Of late, the state of public feeling upon the subject of tithes had become so violent and agitated, that Mr. Purcel's immediate friends found it almost a matter involving their personal safety to dine with him. At all events, such of them as accepted his hospitality took care to leave his house very early, and to keep themselves well armed besides. On the evening in question, no one had been invited but M'Carthy and Fergus O'Driscol. The heroic magistrate, however, ever since the receipt of the threatening letter, would not suffer his son (who certainly participated in none of his father's cowardice), to dine abroad at all, lest his absence and well-known intrepidity might induce the Whiteboys, or other enemies of law, to attack the house when its principal defence was from home. The evening, therefore, hung heavy on their heads at Longshot Lodge, which was the name of Purcel's residence, especially upon that of the fair Julia, who felt not merely disappointed, but unusually depressed' by the unaccountable absence of her lover, knowing as she did, the turbulence which prevailed in the country. She scarcely ate any dinner, and in the course of a short time retired to her own room, which commanded a view of the way by which he should approach the house, where she watched, casement up, until she heard a foot in the avenue, which, however, her acute ear, well accustomed to McCarthy's, soon told her was not that of her lover. On looking more closely she perceived, however, that it was Mogue Moylan; and, unable to restrain her impatience, she raised the window still higher, and called down as Mogue passed under it, on his way round to the kitchen, but in a low, earnest voice, with, as Mogue thought, a good deal of confidential in it, “Is that Mogue?”
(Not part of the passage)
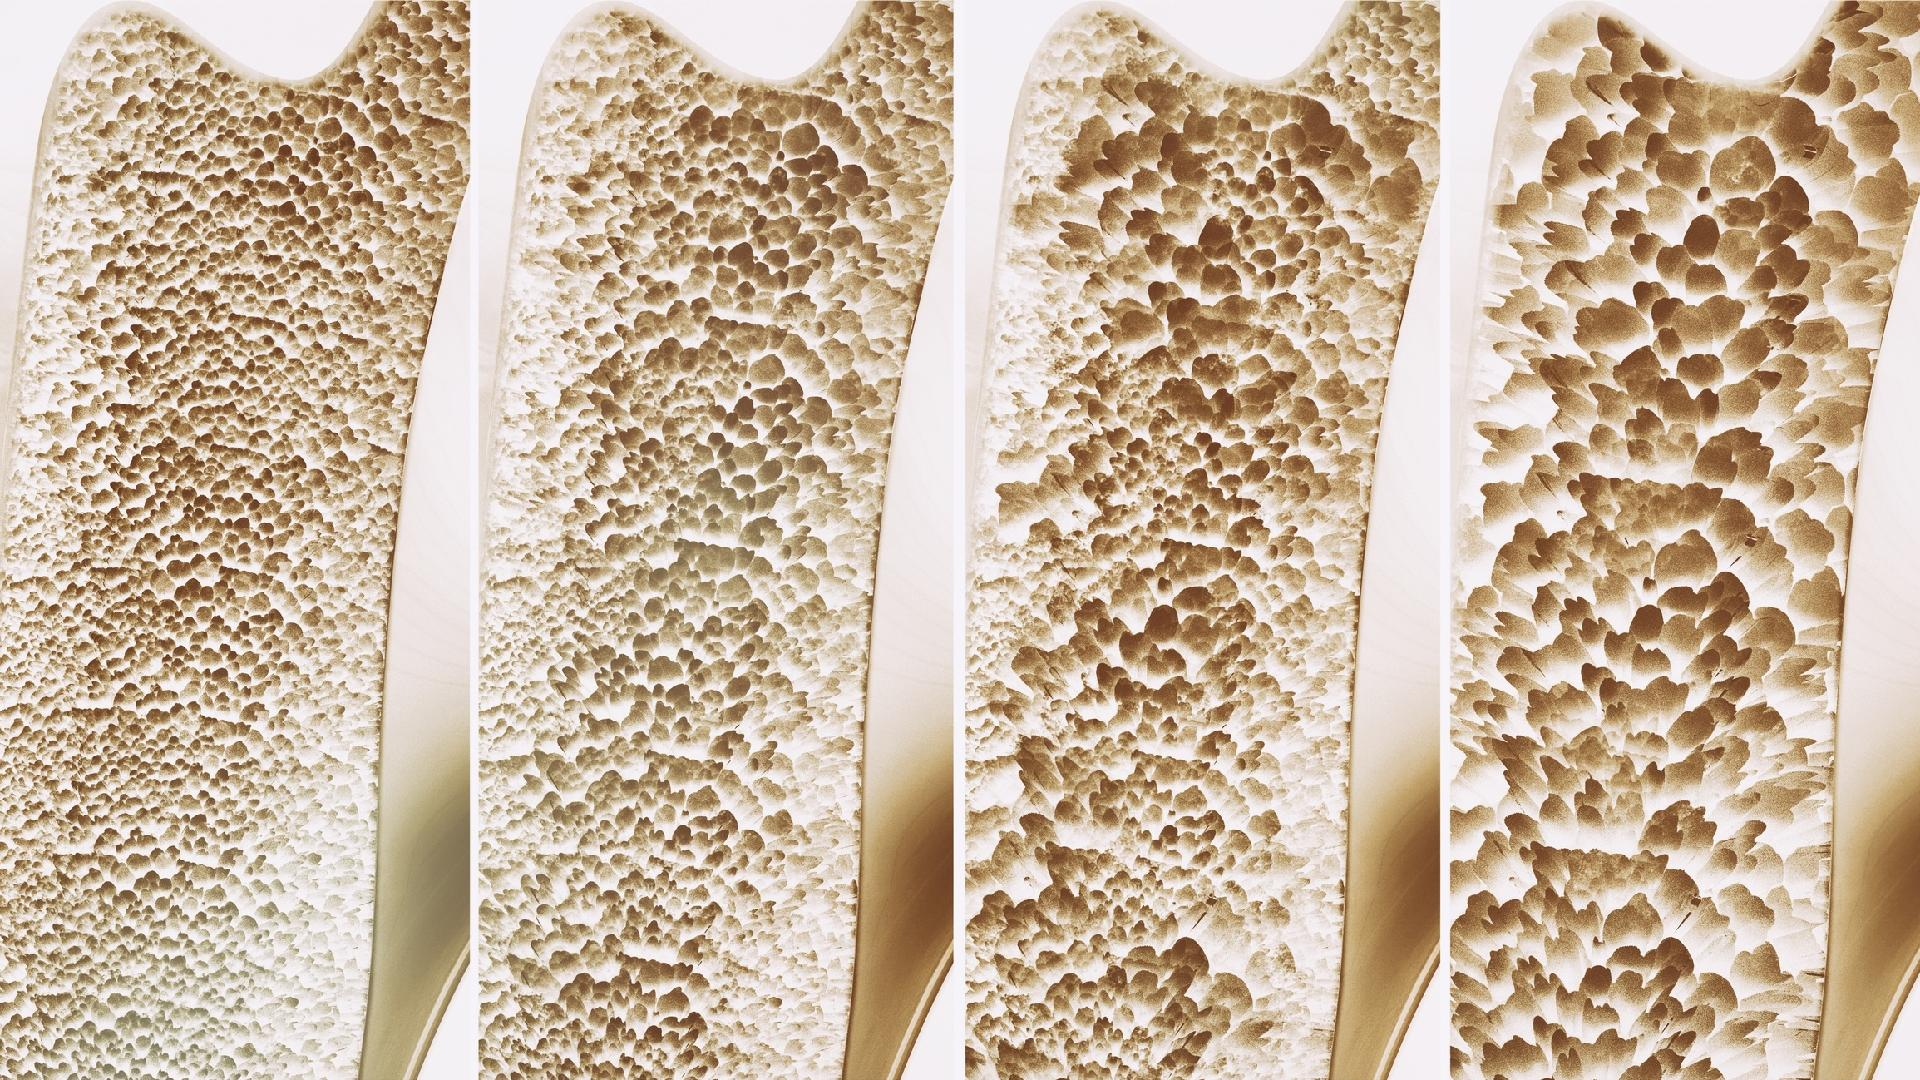 osteoporose, Osteoporose: saiba mais sobre a doença, Abreu Cardiologia, Abreu Cardiologia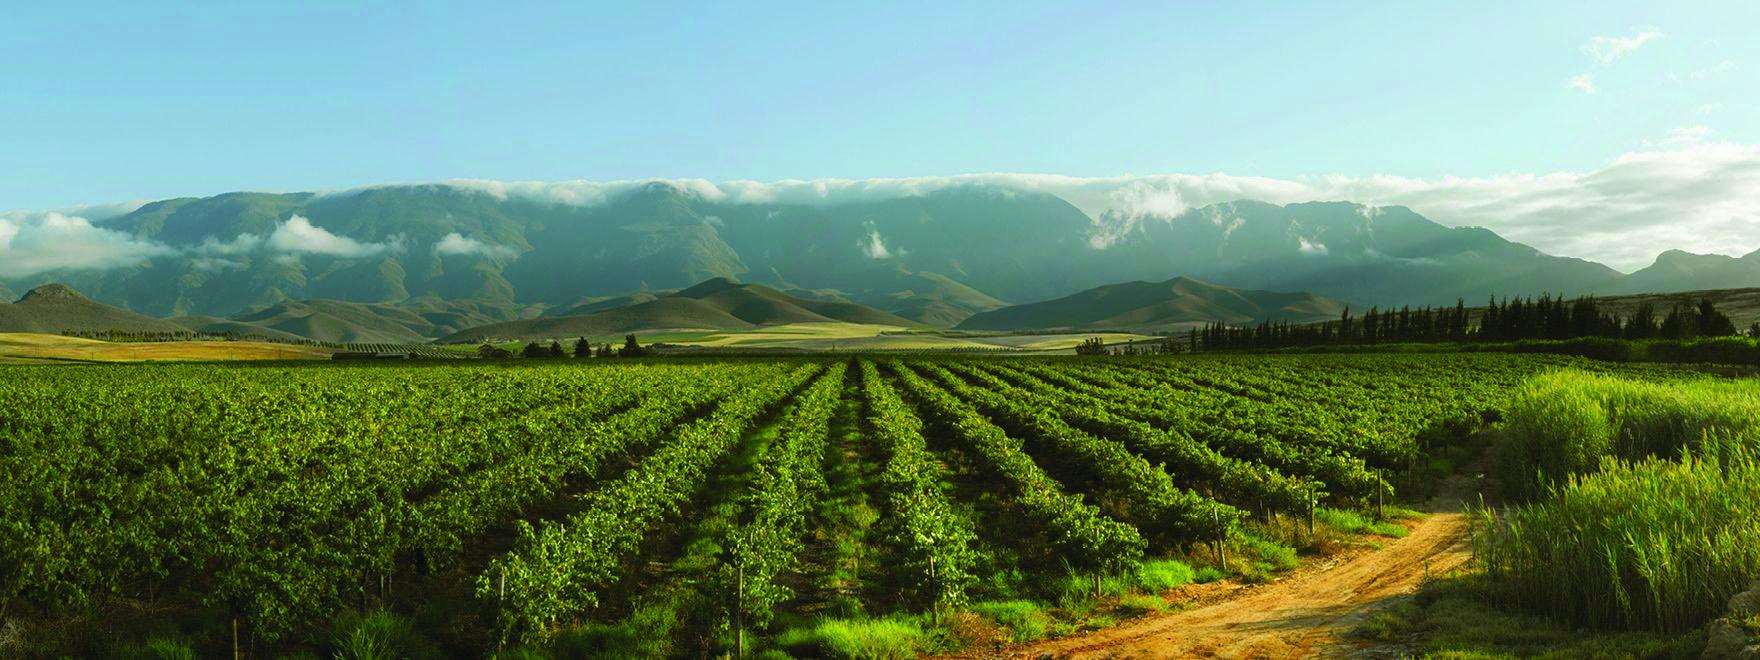 Bonnievale Wines vineyard

“Eh!” he exclaimed, struck almost on the instant into a state of ecstacy; “Is that Miss Julia?”

“Yes, Mogue,” she replied, in the same low voice, “I do not wish to run the risk of speaking to you from this; stay there, and I will go to one of the windows of the front parlor.”

“Well,” thought Mogue, “it is come to this at last? oh, thin, but I was a blackguard haythen an' nothing else ever to think of you, Letty Lenehan, or any low-born miscreant like you. The devil blow her aist, waist, north, and south, the flipen' blazes, and to think o' the freedoms she used to take wid me, as if she was my aquils; but sure, dam her cribs! whatever I intended to do, it wasn't to marry her, an' can I forget, moreover, the day she gave me the bloody nose, when I only went to take a small taste o' liberty wid the thief.”

In the course of a minute or two, Julia made her appearance at the window, with, in fact, a blushing face, if it could have only been seen with sufficient light. Now that she stood within a couple of yards of Moylan, she felt all the awkwardness and embarrassment of the task she had undertaken, which was to inquire, without seeming to feel any personal interest, as to the cause of her lover's absence. In addition to the prevailing agitation, and the outrages arising from if, she had heard of so many accidents with sportsmen, so many guns had burst, so many explosions had taken place, and so many lives had been lost, that her warm fancy pictured his death in almost every variety of way in which a gun could occasion it. Owing to all this, she experienced a proportionable share of confusion and diffidence in managing her inquiries with proper address, and without betraying any suspicion of her motives.

“Mogue,” said she, “I—hem—hem—I hope you don't feel fatigued after your sport'?”

“Ah, then, there it comes,” thought Mogue; “how the crature feels for me! an' even if I did, Miss Julia, sure one kind word when I come home is fit to cure it.”

“And you are sure to get that, Mogue,” replied Julia, who took it for granted that he referred to Letty Lenehan, “but whisper,” she proceeded, still speaking in a low voice, from an apprehension of being heard making the proposed inquiries by any of her family, “are you alone?”

“I am, indeed, Miss Julia,” he replied in a tone of such coaxing and significant confidence, as would have been irresistibly laughable had she understood why he used it, “I am alone, Miss Julia, and you needn't be either ashamed or daunted in sayin' whatever you like to me—maybe I could guess what you're goin' to say, but I declare to you, and that my bed may be in heaven, but, say what you will, you'll find me—honor bright—do you understand that, Miss Julia?”

“Well, I think I do, Mogue, and if I didn't think so, I wouldn't have watched your return to-night as I did, or been here to speak to you on the subject you say you—know.”